Re: [PATCH v12 00/31] Speculative page faults

From: Joel Fernandes
Date: Mon Dec 14 2020 - 13:11:27 EST


On Mon, Dec 14, 2020 at 10:36:29AM +0100, Laurent Dufour wrote:
> Le 14/12/2020 à 03:03, Joel Fernandes a écrit :
> > On Tue, Jul 07, 2020 at 01:31:37PM +0800, Chinwen Chang wrote:
> > [..]
> > > > > Hi Laurent,
> > > > >
> > > > > We merged SPF v11 and some patches from v12 into our platforms. After
> > > > > several experiments, we observed SPF has obvious improvements on the
> > > > > launch time of applications, especially for those high-TLP ones,
> > > > >
> > > > > # launch time of applications(s):
> > > > >
> > > > > package version w/ SPF w/o SPF improve(%)
> > > > > ------------------------------------------------------------------
> > > > > Baidu maps 10.13.3 0.887 0.98 9.49
> > > > > Taobao 8.4.0.35 1.227 1.293 5.10
> > > > > Meituan 9.12.401 1.107 1.543 28.26
> > > > > WeChat 7.0.3 2.353 2.68 12.20
> > > > > Honor of Kings 1.43.1.6 6.63 6.713 1.24
> > > >
> > > > That's great news, thanks for reporting this!
> > > >
> > > > >
> > > > > By the way, we have verified our platforms with those patches and
> > > > > achieved the goal of mass production.
> > > >
> > > > Another good news!
> > > > For my information, what is your targeted hardware?
> > > >
> > > > Cheers,
> > > > Laurent.
> > >
> > > Hi Laurent,
> > >
> > > Our targeted hardware belongs to ARM64 multi-core series.
> >
> > Hello!
> >
> > I was trying to develop an intuition about why does SPF give improvement for
> > you on small CPU systems. This is just a high-level theory but:
> >
> > 1. Assume the improvement is because of elimination of "blocking" on
> > mmap_sem.
> > Could it be that the mmap_sem is acquired in write-mode unnecessarily in some
> > places, thus causing blocking on mmap_sem in other paths? If so, is it
> > feasible to convert such usages to acquiring them in read-mode?
>
> That's correct, and the goal of this series is to try not holding the
> mmap_sem in read mode during page fault processing.
>
> Converting mmap_sem holder from write to read mode is not so easy and that
> work as already been done in some places. If you think there are areas where
> this could be done, you're welcome to send patches fixing that.
>
> > 2. Assume the improvement is because of lesser read-side contention on
> > mmap_sem.
> > On small CPU systems, I would not expect reducing cache-line bouncing to give
> > such a dramatic improvement in performance as you are seeing.
>
> I don't think cache line bouncing reduction is the main sourcec of
> performance improvement, I would rather think this is the lower part here.
> I guess this is mainly because during loading time a lot of page fault is
> occuring and thus SPF is reducing the contention on the mmap_sem.

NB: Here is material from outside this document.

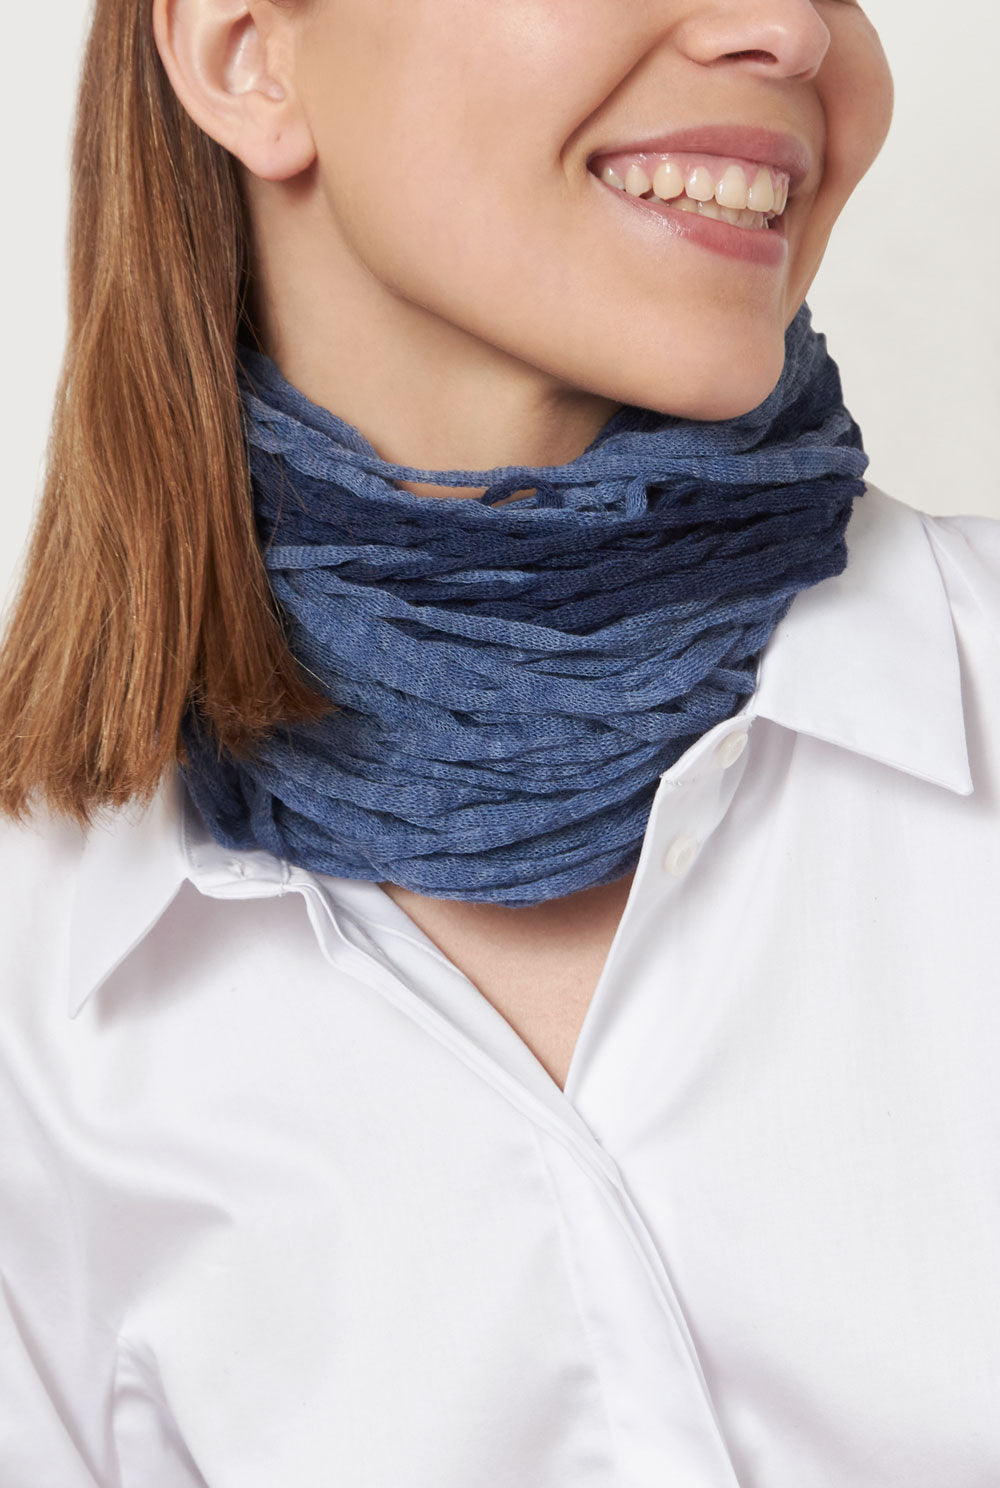 Wool necklace azul - Cuello antianginas Neckclace Victoria de Talhora 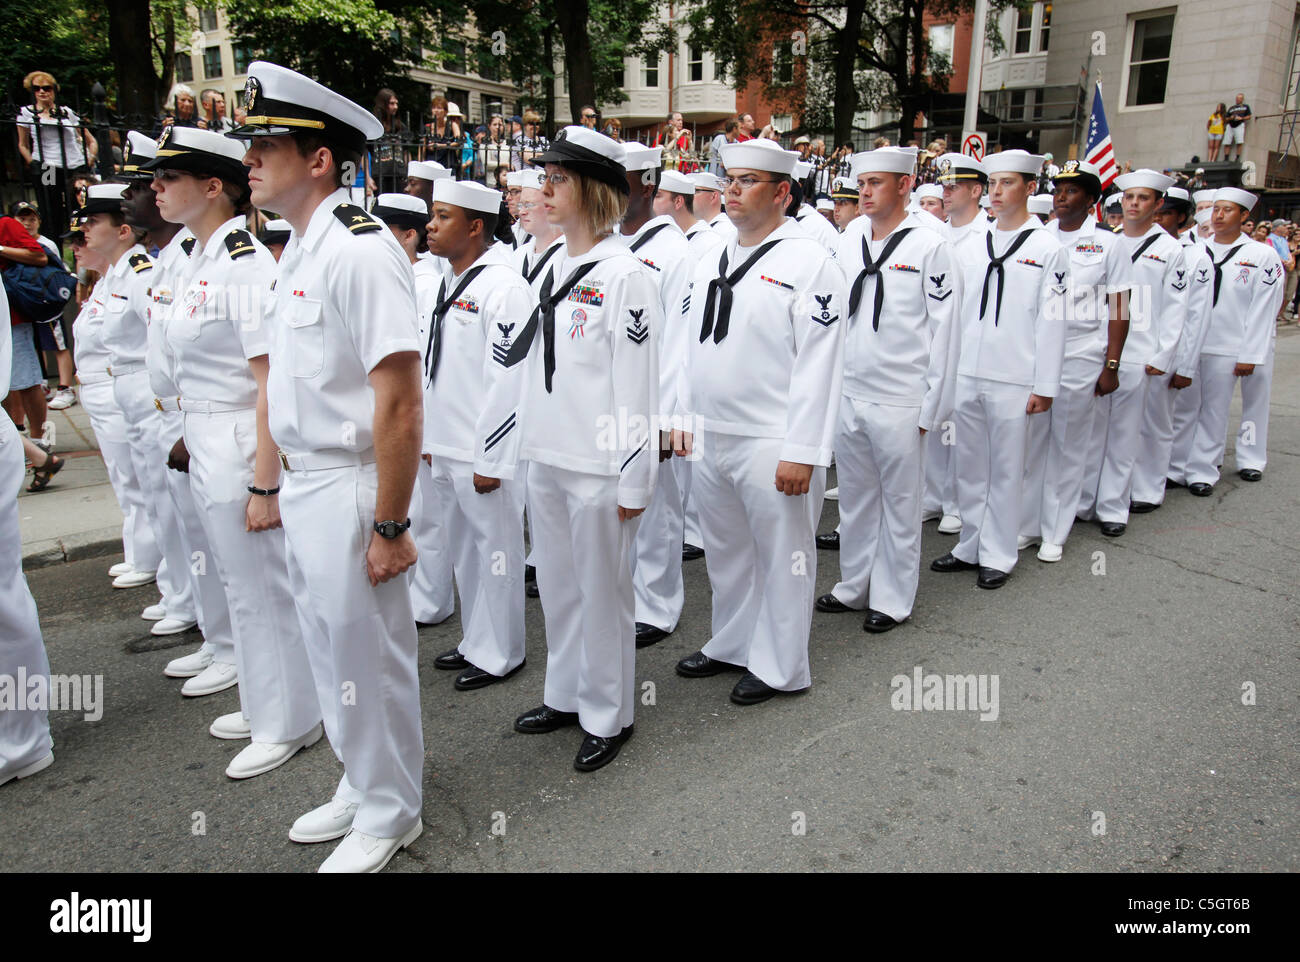 US Navy Matrosen in Bildung, 4. Juli Parade, Boston, Massachusetts Stockfoto

Thanks for the reply. I think I also wrongly assumed that acquiring mmap
rwsem in write mode in a syscall makes SPF moot. Peter explained to me on IRC
that tere's still perf improvement in write mode if an unrelated VMA is
modified while another VMA is faulting. CMIIW - not an mm expert by any
stretch.

Thanks!

- Joel